Я не сняла куртки, не распаковала сумку и не сочла нужным заняться какой-нибудь домашней возней, которая на меня нападает после каждого возвращения. Огляделась, убедилась, что я есть — и вышла из дому. Парк недалеко, так что не оставалось времени, чтобы слабость поднялась от колен к голове, да и места в ней ни для чего не было. Поэтому я могла идти прямо вперед, целая и здоровая, а потом найти скамейку в лабиринте деревьев, но в полном сиянии этого дня, этого не осеннего часа.
Я уселась и, как обычно в парке, подставила лицо небу — и тут почувствовала нарастающую волну крови, но это не после больницы, потому что никакой больницы уже не было. Я видела глубину спутанных ветвей, а в ней ритм воздуха, пассажи света и тени, а в этой музыке зелень, треплющуюся на ветру, слышала голоса птиц и людей. Я могла бы различить, если бы хотела, парковых завсегдатаев, усердно кружащих, чтобы поспеть за уползающим солнечным пространством. Не слишком разнообразный подбор разновидностей, которыми давно уже отмечены подобные места. Матери — тягачи колясок с дрыгающим чадом; старички с собаками, которые стали для них детьми, раз уж собственные покинули; дошколята подле закормленной и сторожкой белки; обнявшаяся молодежь, опровергающая интимность влечения; подростки, бурно дезертировавшие из школы; недвижные, без возраста, дамы на нагретых скамейках; а если где тень, то она могла скрывать неосуществимую близость лишенных прибежища влюбленных.
Но таких, как я, нигде не было, потому что для них всех это было недосягаемо. Так что я не на людей смотрела, а на это место моего пребывания. Вот уже и осень. Сохлая и потрепанная, профанированное творение лета, которое ушло прежде, чем я вернулась, прежде, чем познала то самое; так что я уже ничего не успею и ничего не восстановлю, хотя эта летняя осень даст мне, может быть, еще не одну иллюзию. Ведь я же вижу, что достаточно каких-нибудь нескольких часов высокой милости — и только это и считается, — чтобы хватило тебе этого тепла, отпускаемого на унции, чтобы окрепла выдержка.
Так что не на них я самолюбиво смотрю, а на мою тропинку, на уже сухие и теплые камешки, на полыселый газон, а на нем какие-то зеленые ростки, гладкие, местные новорожденные. Пробиваются упрямо сквозь это кладбище, сквозь ржавчину листьев, чтобы я могла восхищаться их смелостью.
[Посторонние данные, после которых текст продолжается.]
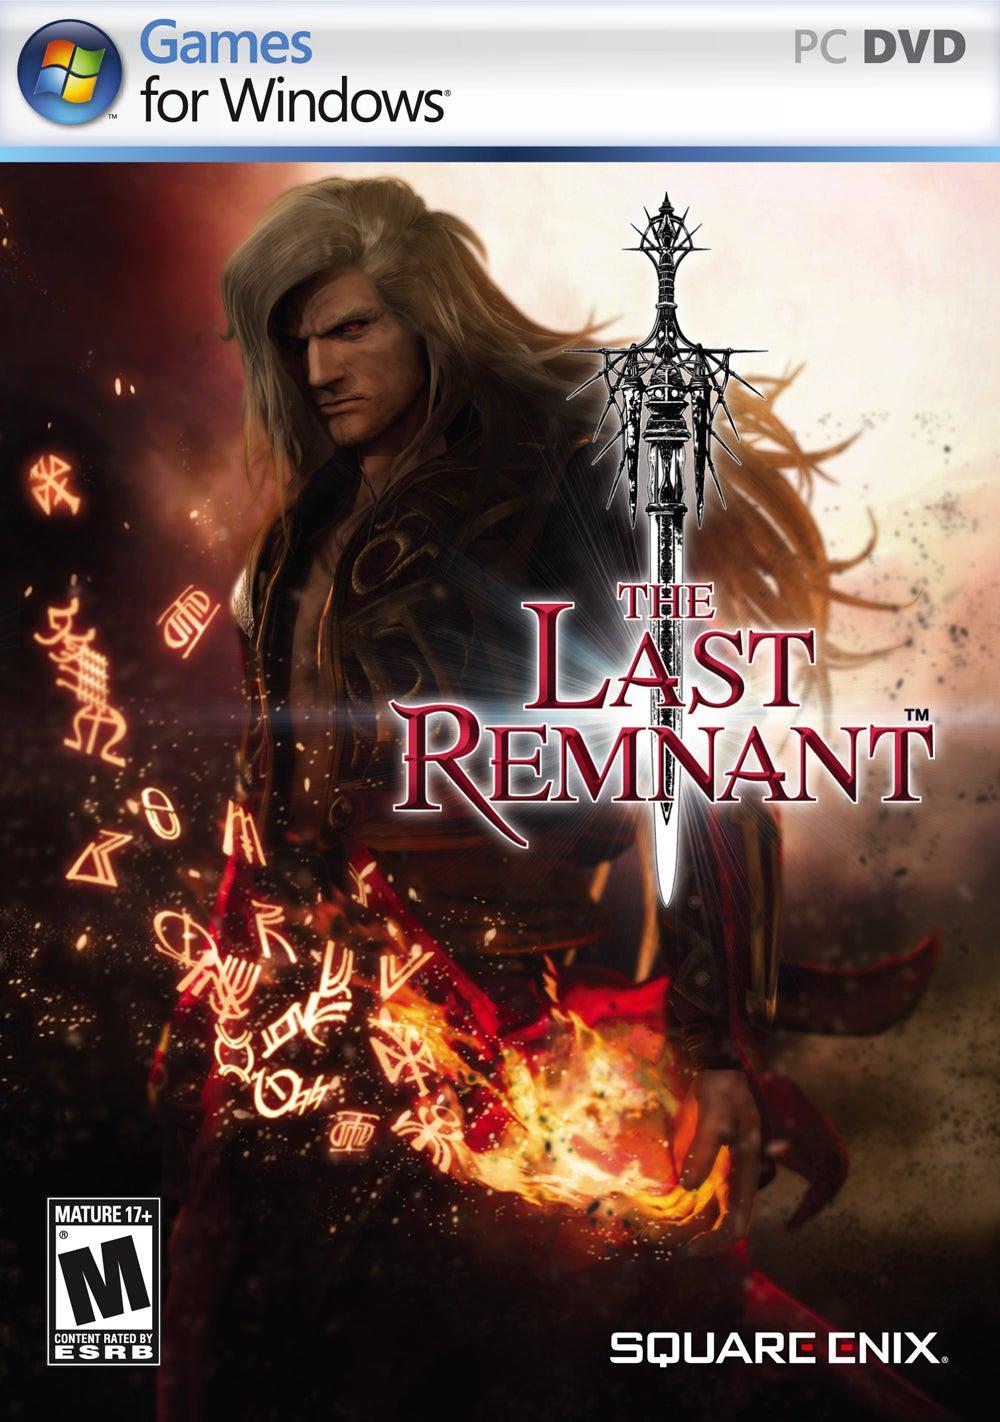 تحميل النسخه الكاملة من لعبة The Last Remnant مجاناً وبرابط سريع

А листья их будут питать, потому что их скинули из зеленого рая и теперь они умирают в разноцветной одержимости, чтобы люди топтали их, под солнцем без зенита. Листья красивые. Смерть их красива и почтенна, а так же приносит пользу пробившимся стебелькам травы в этом цикле запоздалого существования, который хочет еще что-то исполнить.
Видимо, никогда не поздно исполниться.
Я смотрю на это, глубоко дышу, я полна кислородом — и могу вознестись, чтобы увидеть невидимое и чтобы многое с вышины, хоть и ослепленная, разглядеть. Но я склоняю голову, чтобы лучше видеть то, что когда-то избрала, чтобы вновь сделать этот выбор. Может быть, теперь, как знать, из своего ограничения, некий ироничный человек оглядывает меня, вот так устремленную к приземленности? Но это не имеет значения. Ничто, кроме того, что я послушно принимаю в себя, не имеет теперь значения. Как и всегда, когда поворачивается в человеке ось жизни. Но я сдерживаю всякое движение: пусть происходит то, что должно происходить.
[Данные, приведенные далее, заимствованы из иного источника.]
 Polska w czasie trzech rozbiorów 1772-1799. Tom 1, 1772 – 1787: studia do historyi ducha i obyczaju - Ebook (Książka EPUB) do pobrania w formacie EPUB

И я протягиваю руку, чтобы вновь познать эту первичную, обманчивую, но единственно доступную нам в ощущении сложность мира. Я беру в руки, подношу к лицу эту кроху, принадлежащую мне. Гляжу на вновь воскрешенную почву, несмотря на осень, несмотря на все, гляжу на землю, которая существует, чтобы было из чего расти, что-то преодолевать, тянуться к свету. Только она близка мне. Ближе всего. Это моя планета, которую как землю, как существование назвали Земля.
И вот так, в этом парке, я дождалась минуты, когда обрела себя. Потому что она пришла и ко мне, и за мной. Как приходит всегда, пока ты есть.
Такова моя полуправда о тех днях. На большее я не способна.